Documento oficial acreditativo del intento de exterminio de los gitanos en España
Pero junto a los cuerpos, también fue atacada el alma: la lengua. El romanés, que había sido el hogar oral de generaciones, se vio silenciado, perseguido, arrancado de labios y oídos.
«Nos separaron, nos silenciaron, pero no nos extinguieron».
Sin familias completas, sin espacios comunitarios, sin libertad para hablar, cantar o contar en su idioma propio, la lengua gitana comenzó a resquebrajarse. Lo que no lograron las hogueras inquisitoriales ni los edictos reales, lo comenzó a lograr el silencio impuesto por el miedo. La lengua, que es memoria viva, comenzó a apagarse. Cada palabra no dicha, cada canción no cantada, cada cuento no contado, fue una pérdida irreparable. La Gran Redada no consiguió exterminar físicamente al pueblo gitano, pero sí logró asestar un golpe profundo a su cultura, a su lengua, a su continuidad como comunidad hablante.
«Hablar romanés hoy es responder a un intento de exterminio con dignidad y memoria».
La desaparición del romanés en muchas zonas de la península no fue fruto del olvido, sino de la violencia. Y ese silencio aún perdura. Recuperar el romanés hoy no es solo una tarea lingüística: es una forma de justicia histórica, de devolverle la voz a quienes fueron condenados al silencio.
Gitanos suplicando, en diálogo con las autoridades, para no ser expulsados.
El 30 de julio de 1749, el Estado borbónico español activó una operación de detención masiva sin precedentes: la Prisión General de los Gitanos, conocida históricamente como la Gran Redada.

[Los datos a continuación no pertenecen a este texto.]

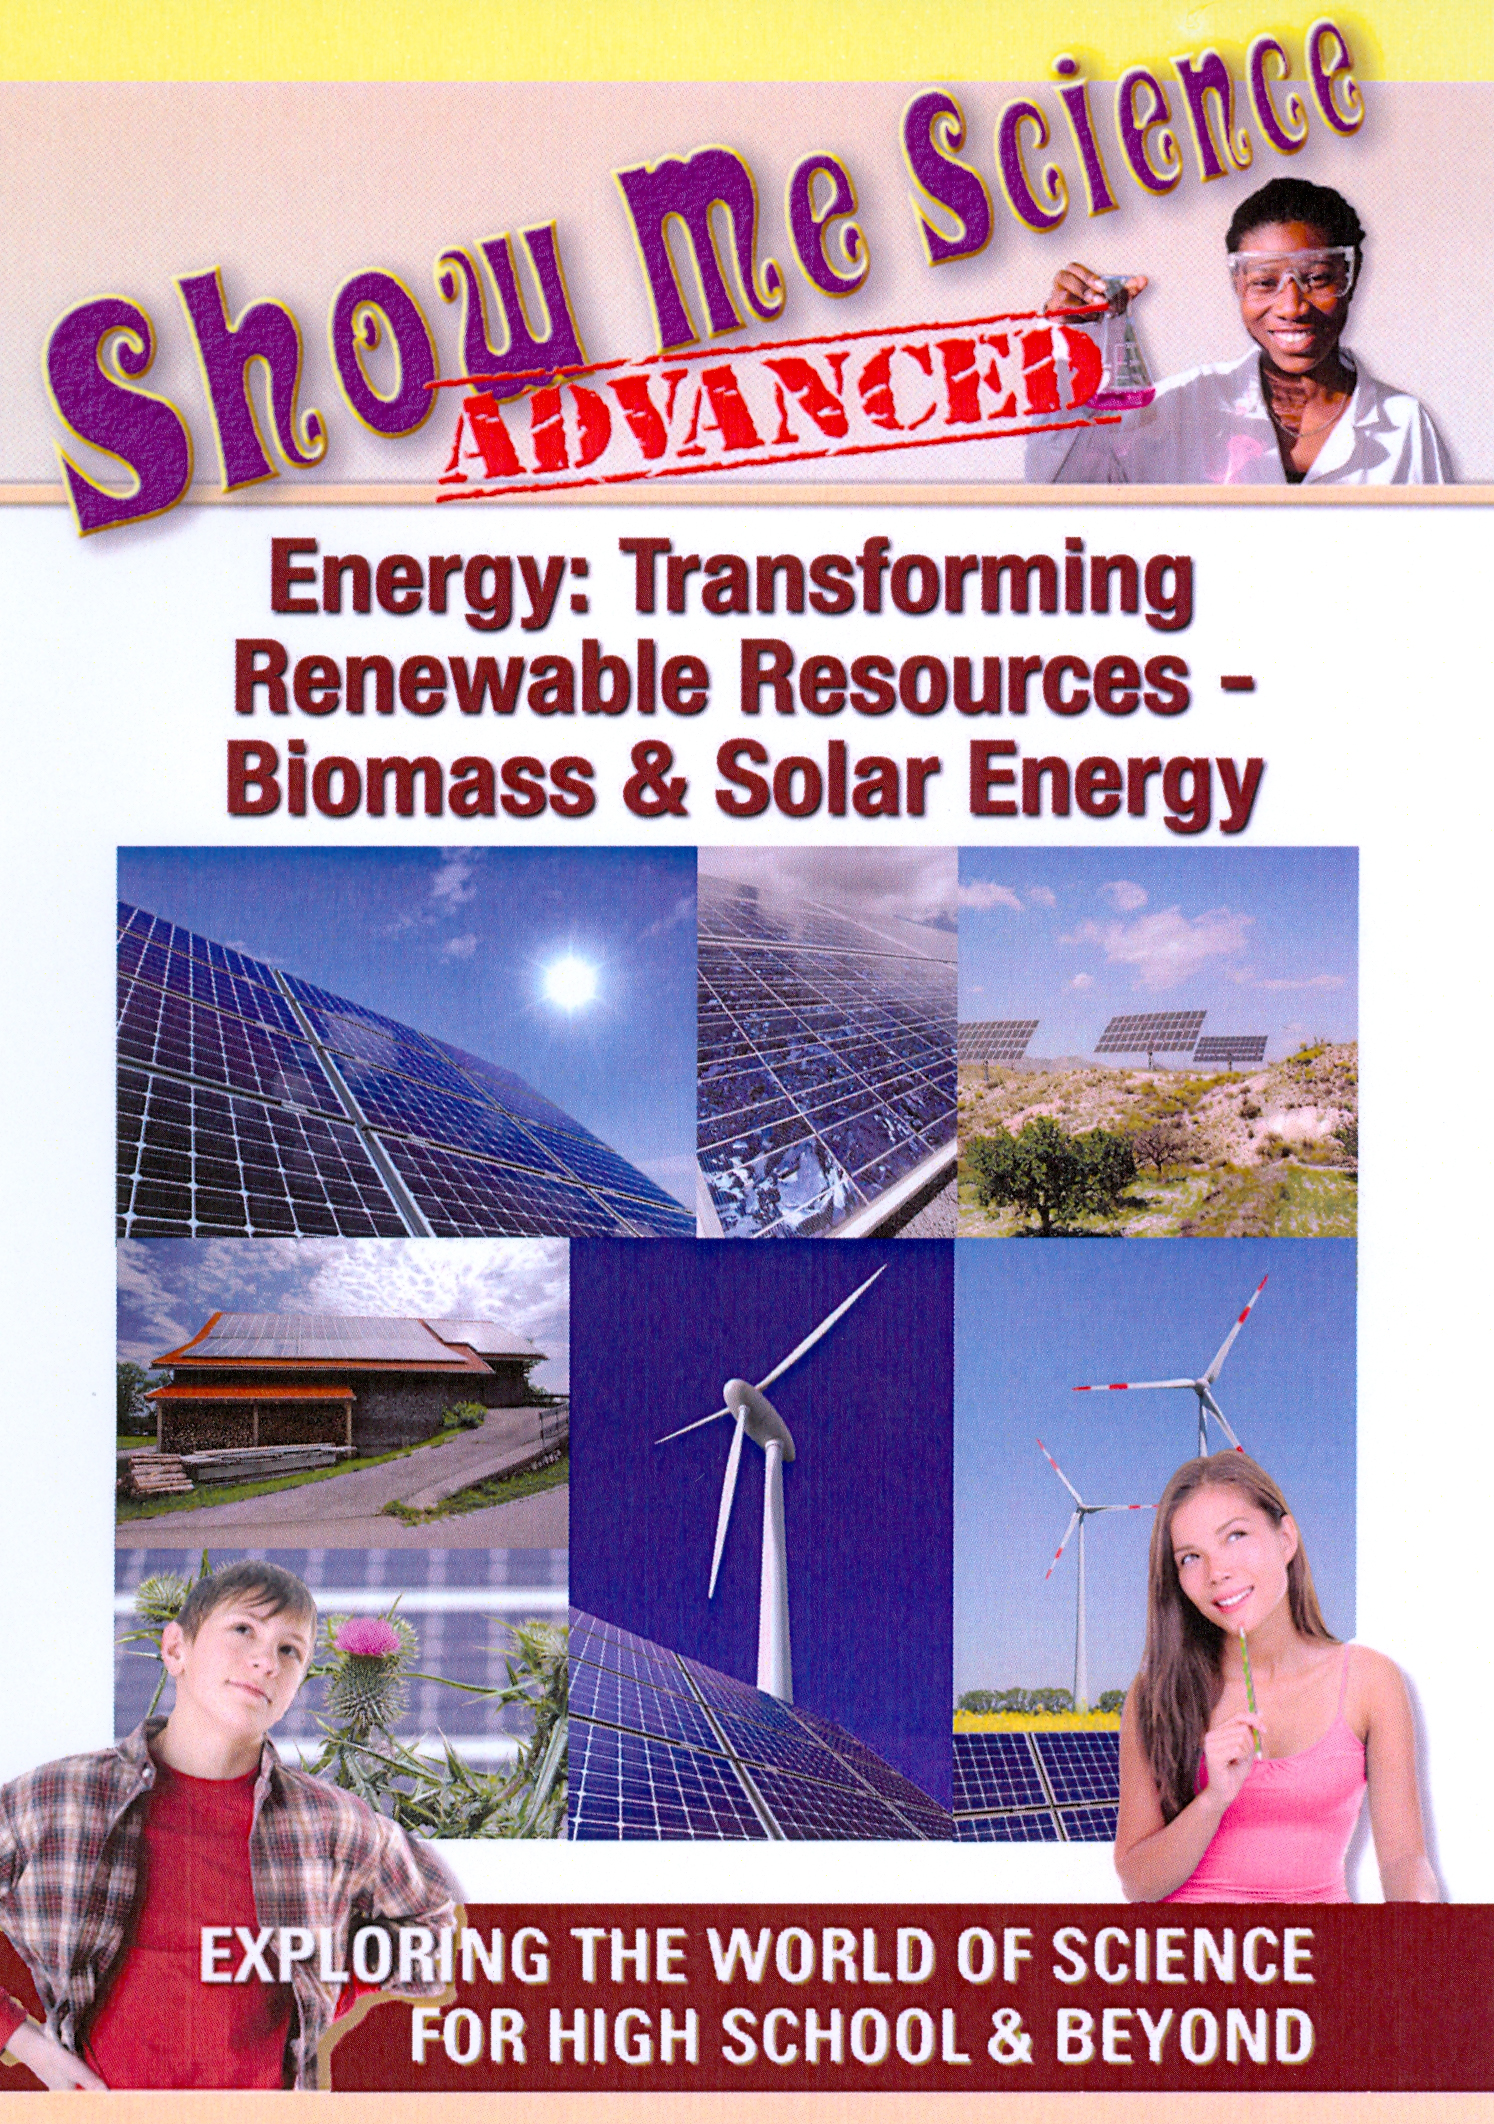 Show Me Science Advanced: Energy - Transforming Renewable Resources: Biomass & Solar Energy

Su planificación correspondió al todopoderoso ministro Zenón de Somodevilla y Bengoechea, marqués de la Ensenada, quien diseñó un dispositivo militar y judicial cuyo objetivo declarado era “acabar con los gitanos como tal nación”, según consta en la correspondencia conservada en el Archivo General de Simancas. Lejos de constituir una intervención policial ordinaria, se trató de una acción estatal orientada a la desaparición del pueblo gitano como grupo social y cultural, articulada en clave de limpieza étnica. Su impacto fue devastador: alteró de forma irreversible la demografía, la economía, la lengua y la estructura comunitaria de los gitanos peninsulares. Las consecuencias de esta operación, todavía escasamente reconocidas desde el ámbito institucional, constituyen uno de los momentos fundacionales del antigitanismo estructural moderno.
El dispositivo fue ejecutado con notable eficacia administrativa. Durante la madrugada del 30 de julio, unidades militares y milicias locales procedieron a la detención simultánea de entre 9.000 y 12.000 personas identificadas como gitanas en todo el Reino. Las cifras, aunque no definitivas, coinciden en señalar una magnitud que afecta a la práctica totalidad de la población gitana asentada en territorio español en ese momento (Martínez Martínez, 2016). El operativo contempló la separación sistemática de hombres y mujeres, el internamiento prolongado en arsenales y fábricas, la confiscación de bienes y la prohibición de mantener vínculos familiares o utilizar la lengua propia. La base jurídica del plan fue deliberadamente ambigua: ni existía una ley específica que criminalizara a los gitanos por su mera existencia, ni hubo juicio previo, ni procedimiento de defensa. La lógica era otra: “acabar con una nación errante, nociva y contraria al orden ilustrado”, según recoge el Consejo de Castilla en su dictamen de 1749 (Domínguez Ortiz & Vincent, 1992).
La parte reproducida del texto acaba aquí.